Analysing Social Media Data for the Lightyear Foundation - Part 2

In my last post, I described the basics around connecting to social media data sources using Python. This is in aid of collating information for the Lightyear Foundation, a charity specialising in science education in the UK and Ghana. In this blog, I will demonstrate how to use those integrations to record data into a PostgreSQL database. I've chosen this database in so as to keep everything free and open source.

One of the downsides with some of the publicly available APIs is that they only store a certain amount of history. These makes analysing long term trends a bit more difficult. By recording the data periodically, in an ETL-like fashion, we can circumvent this. Given the vast amount of data available for social media it would not be appropriate to store all of the data in a relational database. Instead, we can store summary statistics for long term trend analysis.

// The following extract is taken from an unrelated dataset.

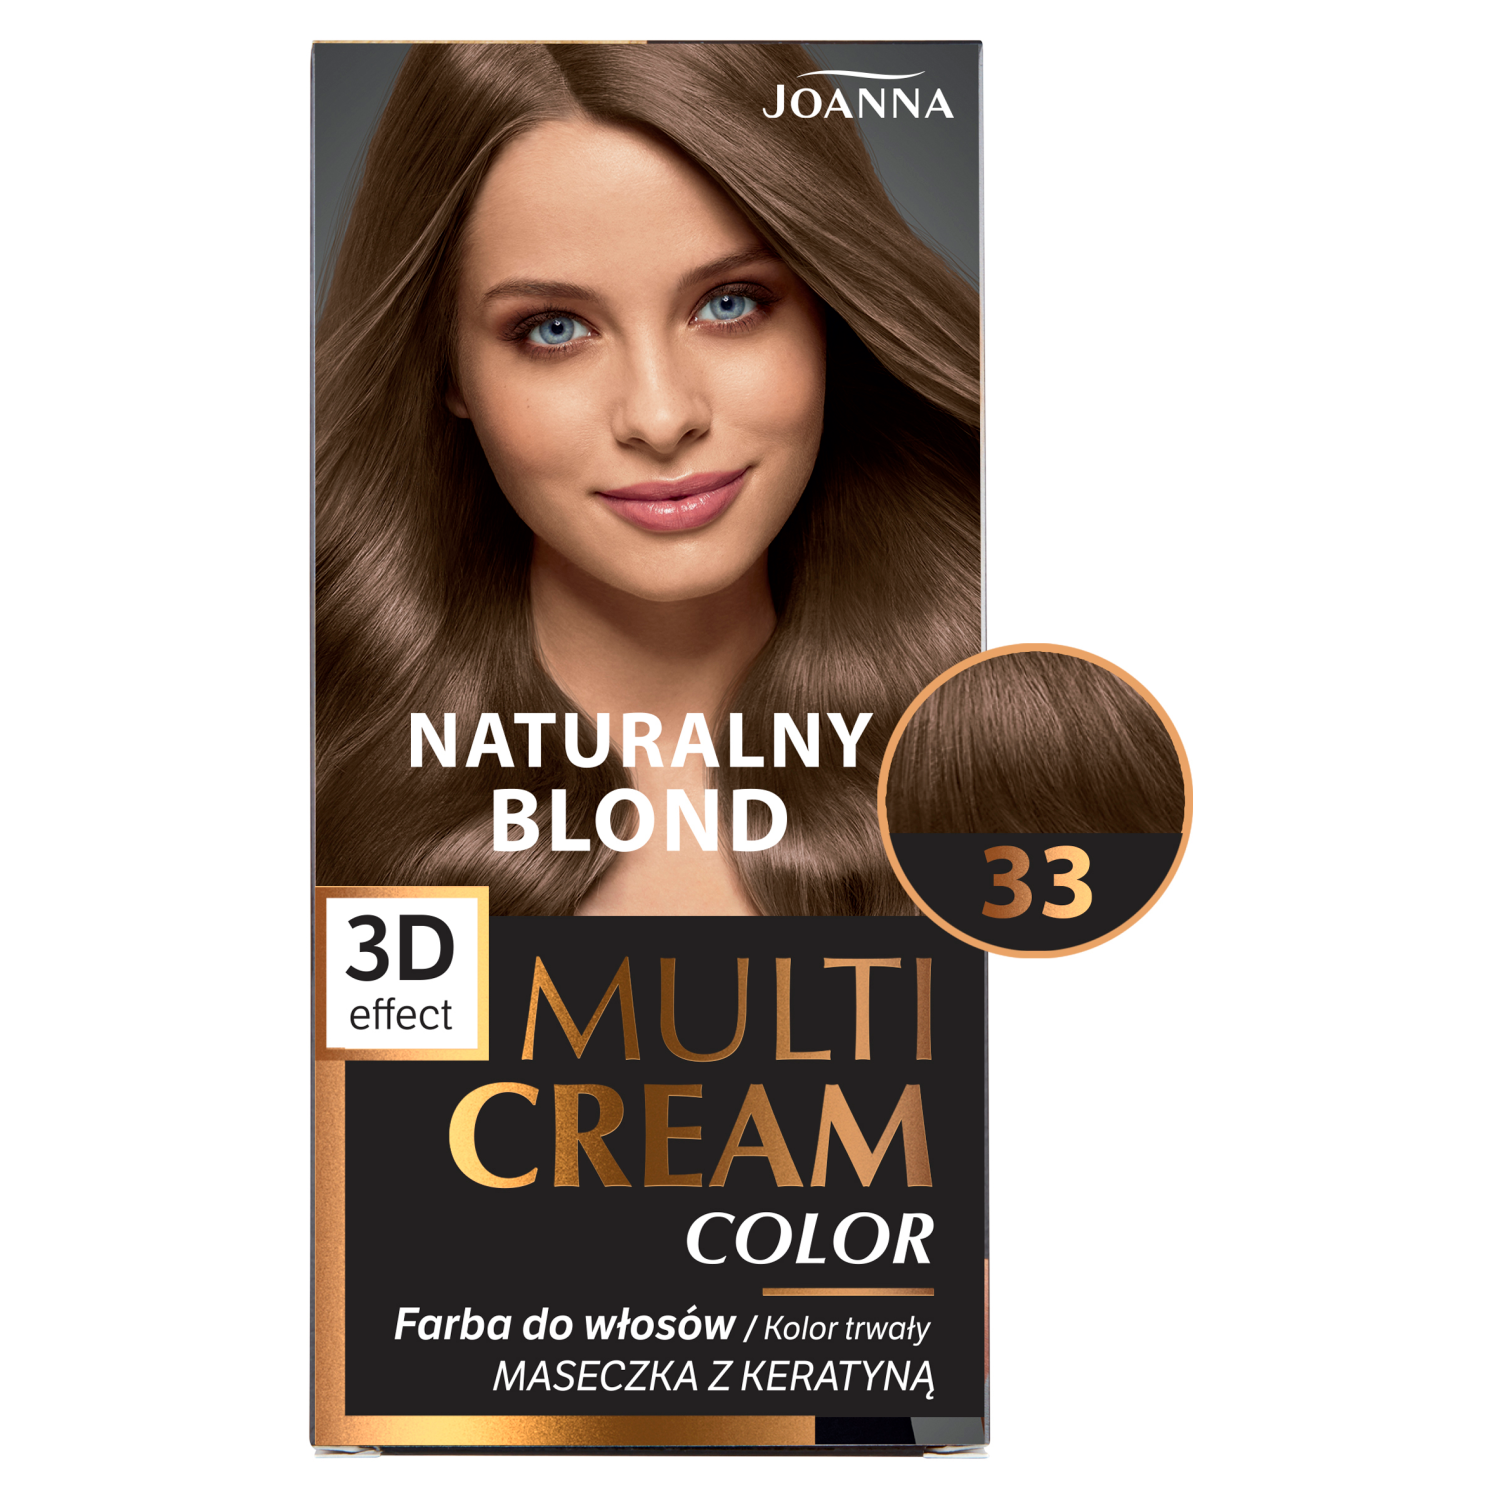 Joanna Multi Cream Color farba do włosów 33 naturalny blond, 1 opak. |  hebe.pl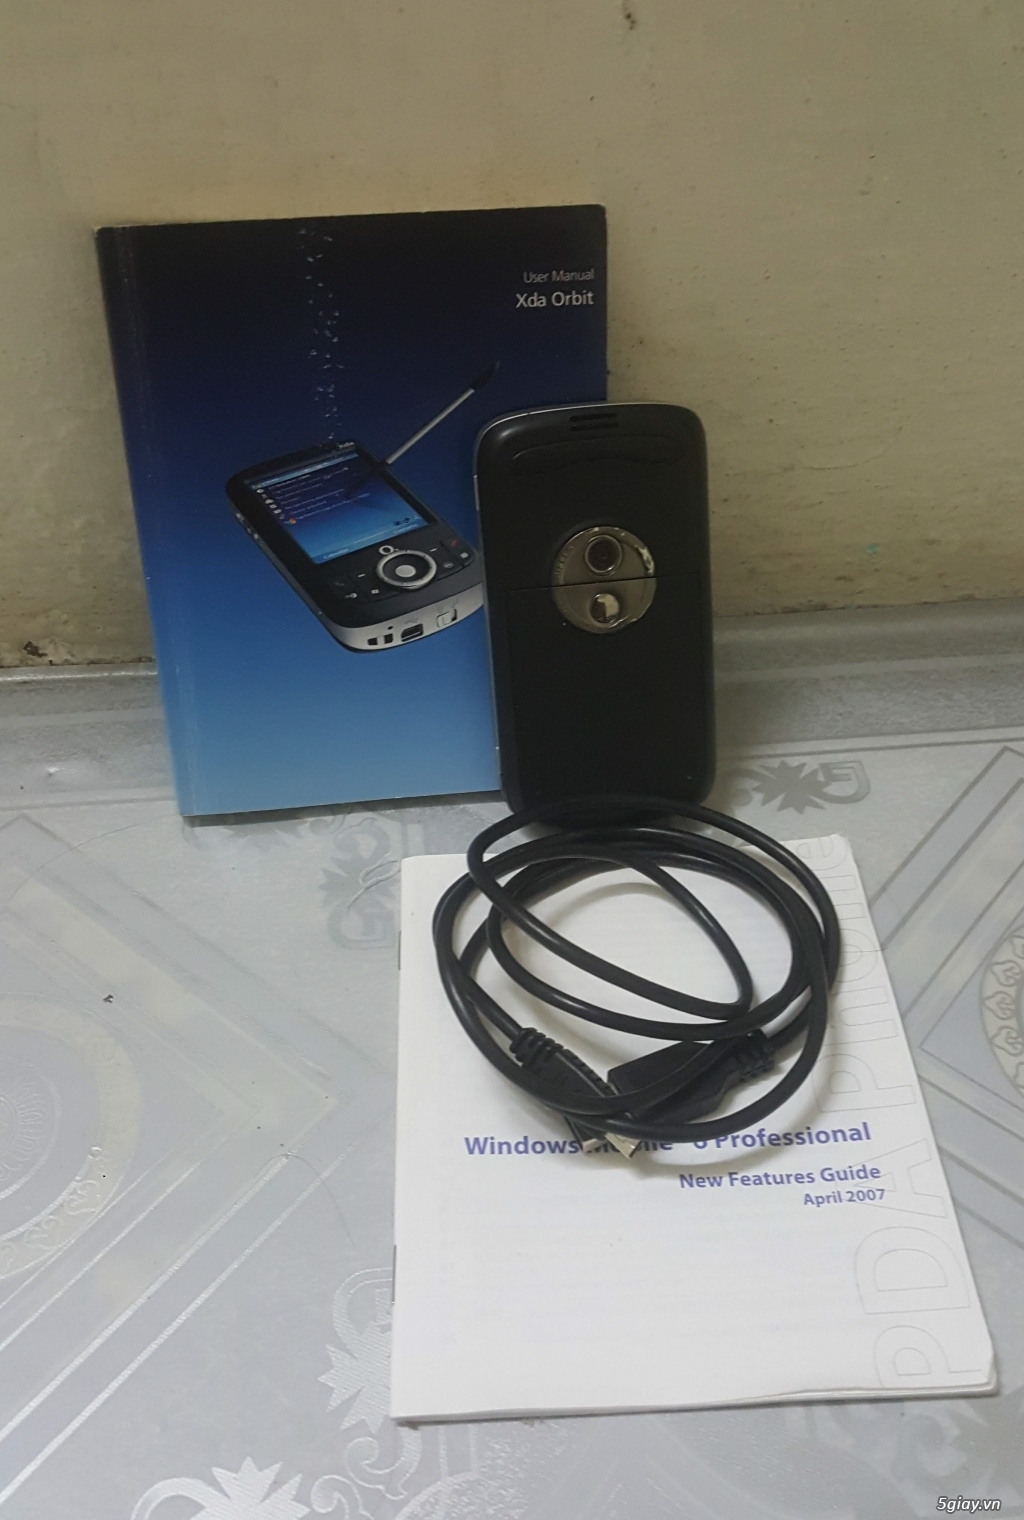 O2 Exec, O2 Orbit, HTC HD mini, Nokia N900 - 1

All of the code used in this blog is on this public Git repository. You are welcome to download this and poke around as you follow the blog. Note that there is configuration in config.ini and a keys/google-api.json file required in order to get these working yourself.

Database Integration

The Python module psycopg2 was used to execute transactions against the PostgreSQL database with Python. The script lyf/psql.sql contains a host of functions I wrote to perform useful database and ETL actions.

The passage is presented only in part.